SINGAPORE — “Let your money work for you”. Whether you agree with this statement or not, there’s no denying that investing has always been a stressful topic, but yet also increasingly becoming a trend for young people in recent years.
This is the start of a series where Yahoo Finance Singapore will share about the whys and hows of investing. In this first part, we speak to several undergraduates and young working adults to find out why they have or have not been investing, as well as their thoughts about investments in general.
Investing in the midst of a pandemic
Given the shaky global economy because of the current COVID-19 pandemic, one might think that it is a risky move to start investing especially when you’re young and green to the field.
According to OCBC’s Financial Wellness Index this year, COVID-19 has indeed dragged down Singaporeans’ financial well-being. The study also emphasised the importance of savings and medical coverage.
As such, more Singaporeans are taking leaps of faith to invest in hundreds of dollars. There is an increasing trend for young people to start investing because they desire to grow their wealth fast, despite the gloomy economic outlook.
Importance of planning ahead
The OCBC report found millennials —those aged 21 to 39 — seemed the most worried about their finances, with 49 per cent of those surveyed preoccupied with financial matters.
“I think that investing is important because it gives me a sense of long-term financial security as compared to slogging out in a job for years without much financial return”, said 20-year old Betty Chew, an Arts undergraduate from the National University of Singapore (NUS).
Chew, who started investing under OCBC’s Blue Chip Investment Plan (BCIP) earlier this August, has invested S$300 so far over a period of 3 months. Every month, investors under the BCIP scheme can buy shares in bulks of $100 depending on how much they feel like buying.
“What I like about it is that it is a low risk investment by dollar cost averaging”, explained Chew, who added that it was her friend who got her to think more about her finances and start investing.
Chew’s friend, 20-year-old Colette Low, is a private university undergraduate. Low, who works part-time at a food and beverage outlet and earns around S$1000 a month, decided to start investing after thinking about how to grow the money she has earned.

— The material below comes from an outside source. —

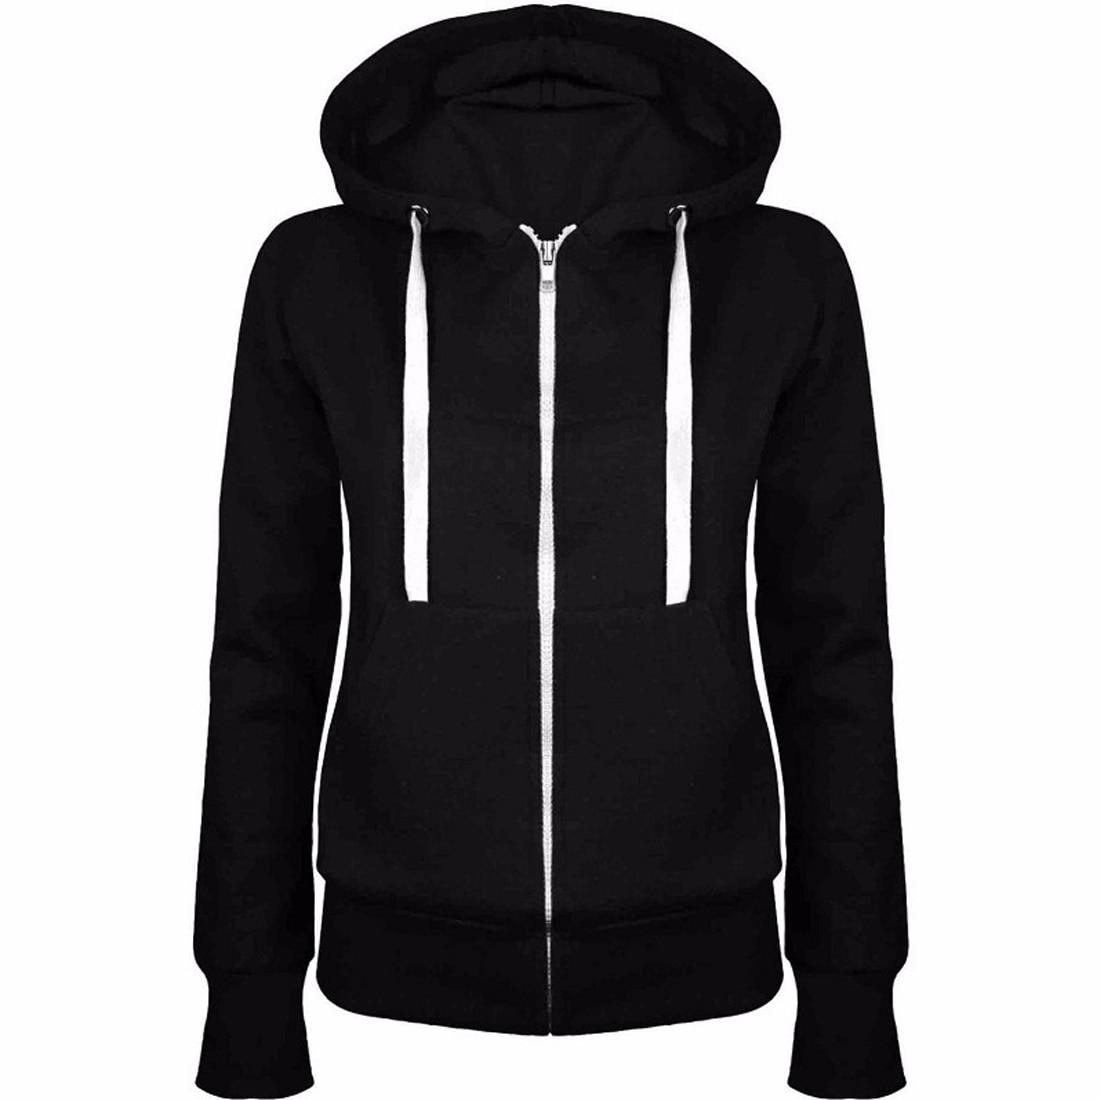 YJSFG HOUSE Fashion Women Coat Classic Thick Hooded Casual Sweatshirt Hoodie Jumper Top Warm Hip Hop Streetwear Zipper Home New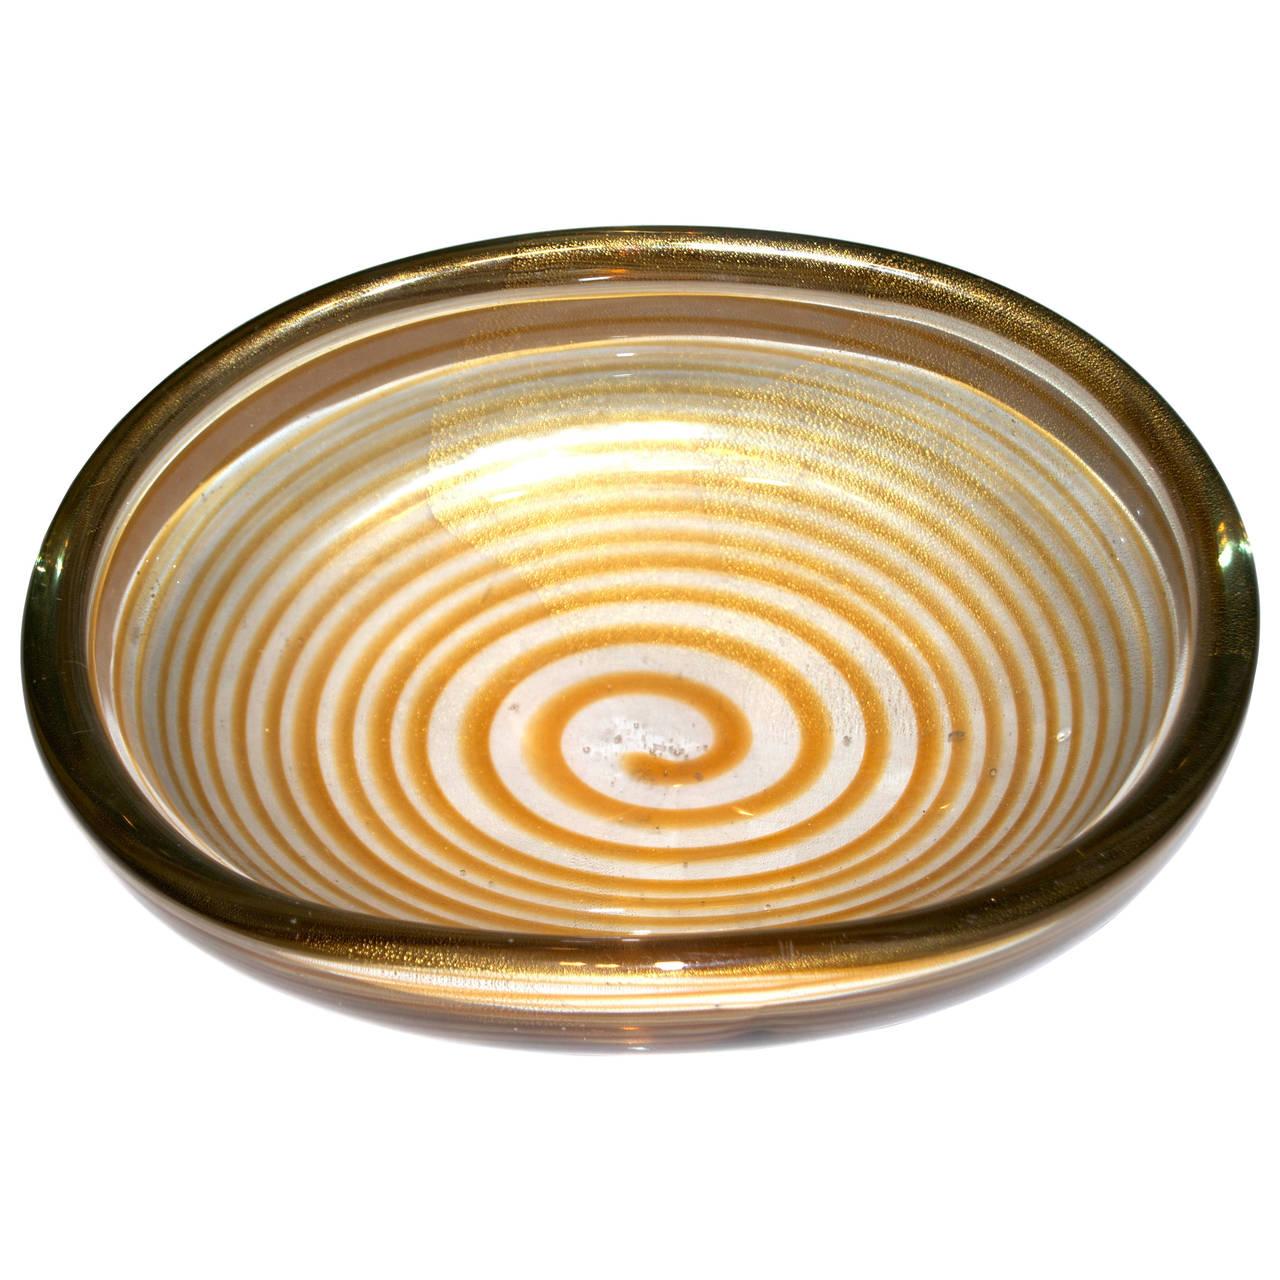 "Archimede Seguso  ""Spirale"" Centerpiece with Gold Inclusion POR"

When asked why she decided to start investing this year given the unstable economy, Low confidently proclaimed that, “Singapore will never let DBS or OCBC flop, so I have strong confidence in seeing returns soon”.
Similarly, fresh university graduate Gideon Lai, 26, also feels that investment is something that more young people should be taking up. Lai has been investing under the POSB Invest Saver Regular Savings Plan for the last 2 years after reading up about it online.
Under this scheme, investors buy bonds every month based on an allocated amount they have decided on. For Lai, he also maximised his bank account through DBS Multiplier.
“Investment is also a form of planning for your own future and it is important to plan ahead”, said Lai, who started investing after thinking of how to gain further cash on top of his part time job as a tuition teacher.
“It’s really about working hard to generate more income to invest, where your returns just grow and grow overtime”, explained Lai, who also cautioned that it is normal to have very little cash in the beginning.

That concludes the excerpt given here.